See also: Prete v. Bradbury

Prete v. Bradbury is a lawsuit filed in the United States District Court for the District of Oregon against Oregon Secretary of State Bill Bradbury challenging Oregon's restrictions on paying petition circulators by the signature.

The outcome of the lawsuit was that U.S. District Court Judge Ann Aiken, a Clinton appointee, upheld Oregon's ban on pay-per-signature on February 11, 2004.[13] The ban was one of the provisions of Oregon Ballot Measure 26.

Bernbeck v. Gale

See also: Bernbeck v. Gale

On January 5, 2010, Nebraska petition rights activist Kent Bernbeck filed a lawsuit, Bernbeck v.
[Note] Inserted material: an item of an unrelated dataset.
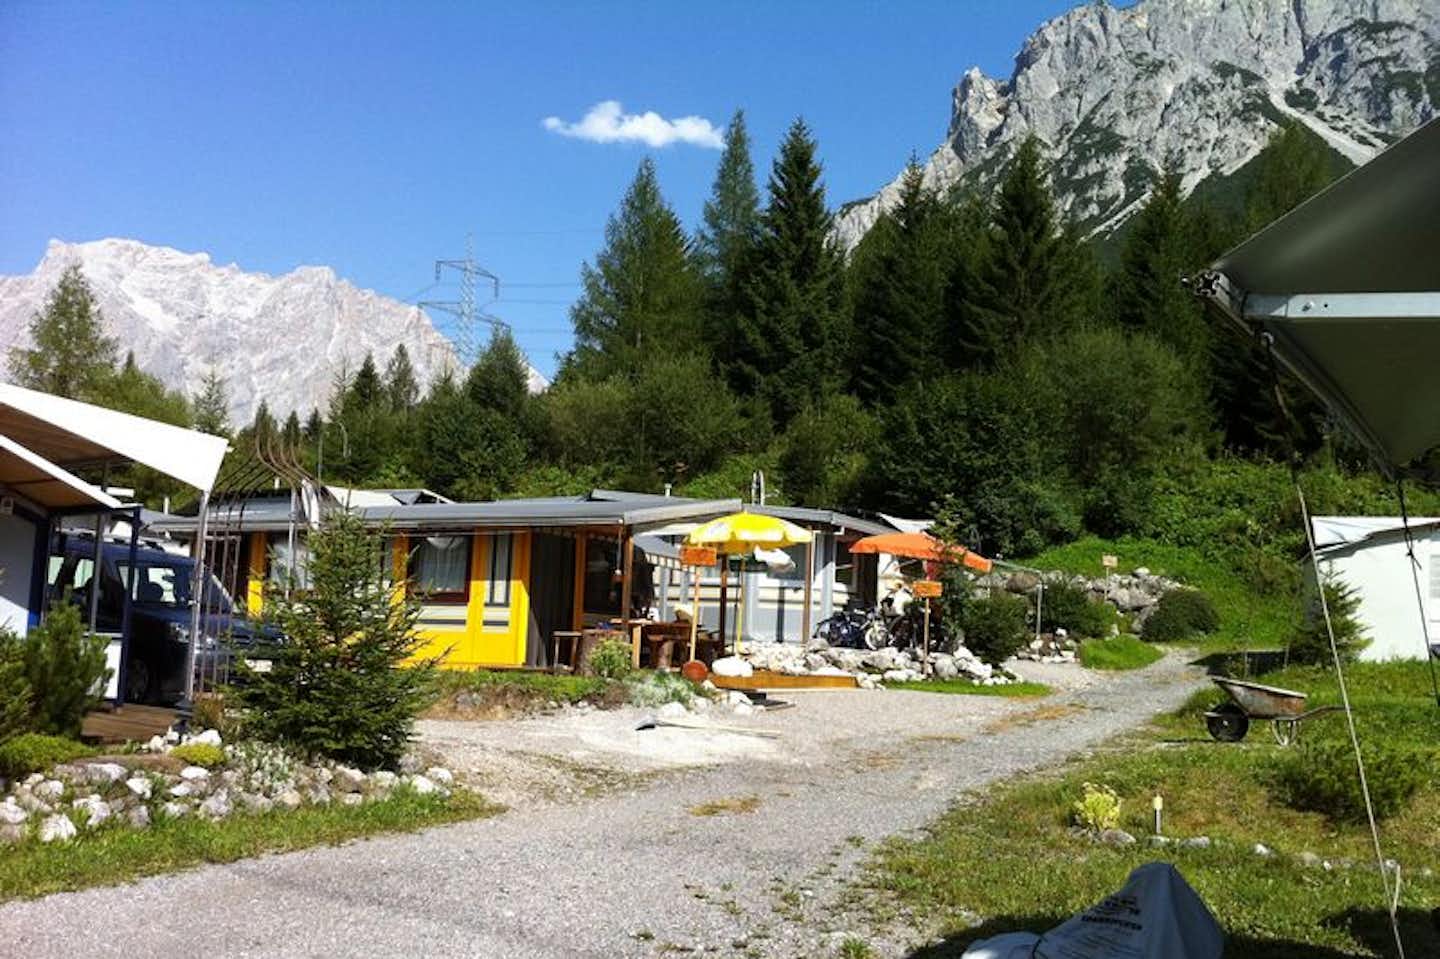 Alpencamp Marienberg - Mobilheime auf den Campingplatz mit den Alpen im Hintergrund

Gale in federal district court challenging Nebraska's ban on pay-per-signature[14]. The trial begun on December 21, 2010, in the District of Nebraska federal court[15]. The lawsuit alleges that age and residency restrictions added to petition circulators in 2008 violate the First Amendment to the U.S. Constitution[15]. A petition for a new pool slide in Stanton, Nebraska was denied as John Bernebeck's brother and daughter did not meet the requirements for being a legal circulator. Bernbeck's daughter was under the age of 18 while his brother was a resident of the State of Nevada[15].

In a separate case, the Citizens in Charge Foundation sued Nebraska Secretary of State John Gale on the out-of-state petition circulator ban along with the county-level distribution requirement for non-presidential independent candidates in 2010. The outcome of the case is pending[16].